LMAO! I bought 3 30 packs last night. Don't ask me why. I'm glad I did. Cleveland beat Buffalo and Cleveland beat Baltimore. I woke up half an hour ago and I'm STILL drunk. I need a beer. Armidillo sounds good right about now. ;-D

Since Naomi has not jumped in with a fish recipe:

1.5 lb Salmon Fillet w/ skin on. Soy Sauce Olive oil Dry dill Fresh dill

  • Place the salmon fillet into a shallow dish. (one that the meat will fit into and lay flat)
  • Sprinkle on a reasonable coat of dry dill.
  • Clean the thicker stems out of enough fresh dill to make a nice bed over the entire fillet.
  • Pour equal amounts of olive oil and soy sauce over the top of the fillet to fill the dish about 1/3 up the side of the fillet.
  • Use a tablespoon to kind of mash some of the soy-oil into the fresh dill.

Let the salmon sit and marinade for about 1/2 an hour, spooning the sauce over the meat every once in a while.

Heat the BBQ as hot as it will go. Carefully place the fillet into the center of the grill. Close the lid. Check in about 5 minutes. You will know that the fish is done when the edges are all crispy.

  • Don't flip it!

The skin will be black and charred, don't eat it.

  • Joe

Delicious, tiki. Very simple. I tend to like citrus flavors with my fish, and might add a bit of lemon--especially with that dill.

SD - try it first before you give it a squirt. The soy sauce really drives the flavor on this one...

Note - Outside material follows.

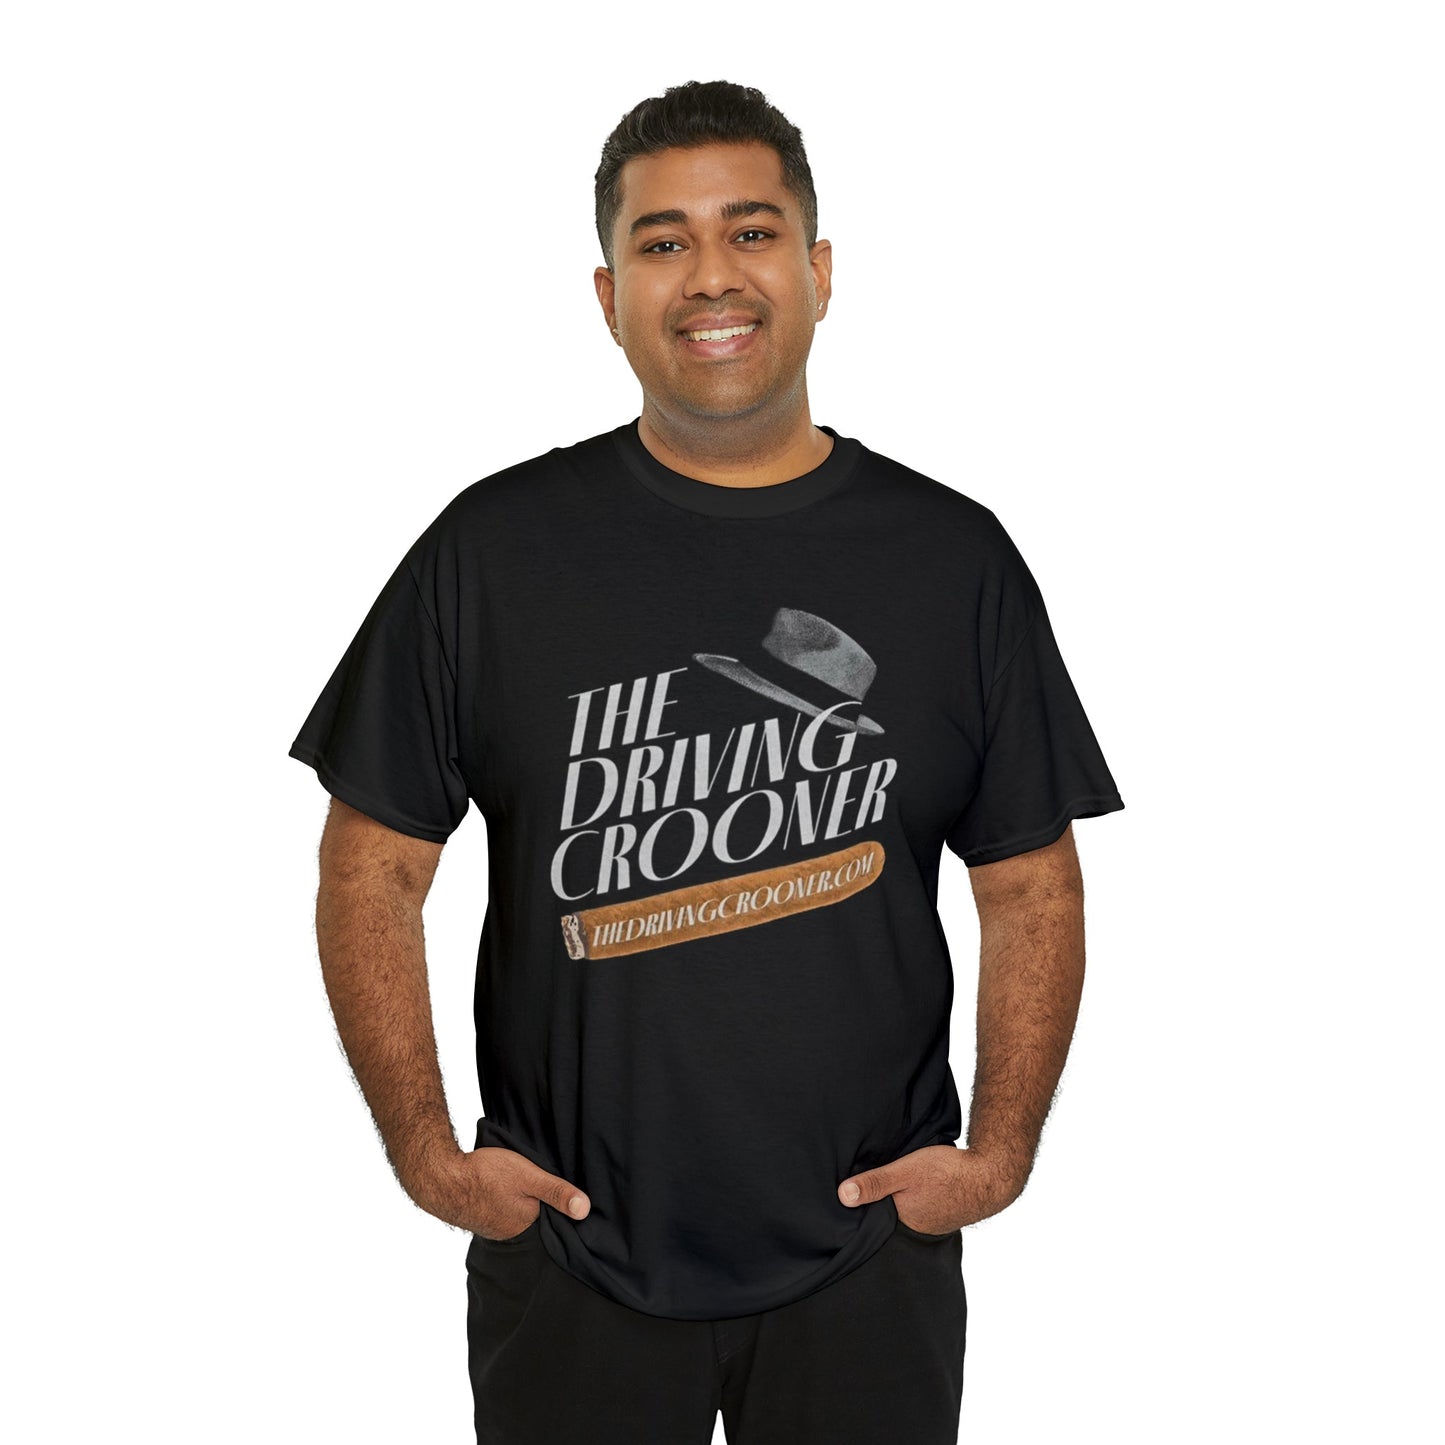 The Driving Crooner I Think You Should Leave ITYSL T-Shirt - RetroTeeShop

Let me know if you try it, and how you liked it!

  • Joe

Well, Joe, the recipes you've posted (even though most are land meats, and I can't eat them) prove that you are a worthy cook--I will try your recipe as is out of respect due ;)

I'll have to write down the recipe for the roasted chicken in red wine that I made last night.

Or because chickens can't fly, you won't eat those either?

"The only thing in the middle of the road is dead armadillos and a dotted white line."

(Q) What's the difference between a Southern zoo and a Northern zoo? (A) A Southern zoo has a description of the animal on the front of the cage, along with a recipe.

I used to have this great (by which I mean I couldn't ruin it) chicken recipe that called for rice, green chilies, wine, think it was James Beard?, but lost it many years back. :(

u fun loving bloggers have literally made my Monday

and Cuddlefish STOP that glistening vand flirting with the diners..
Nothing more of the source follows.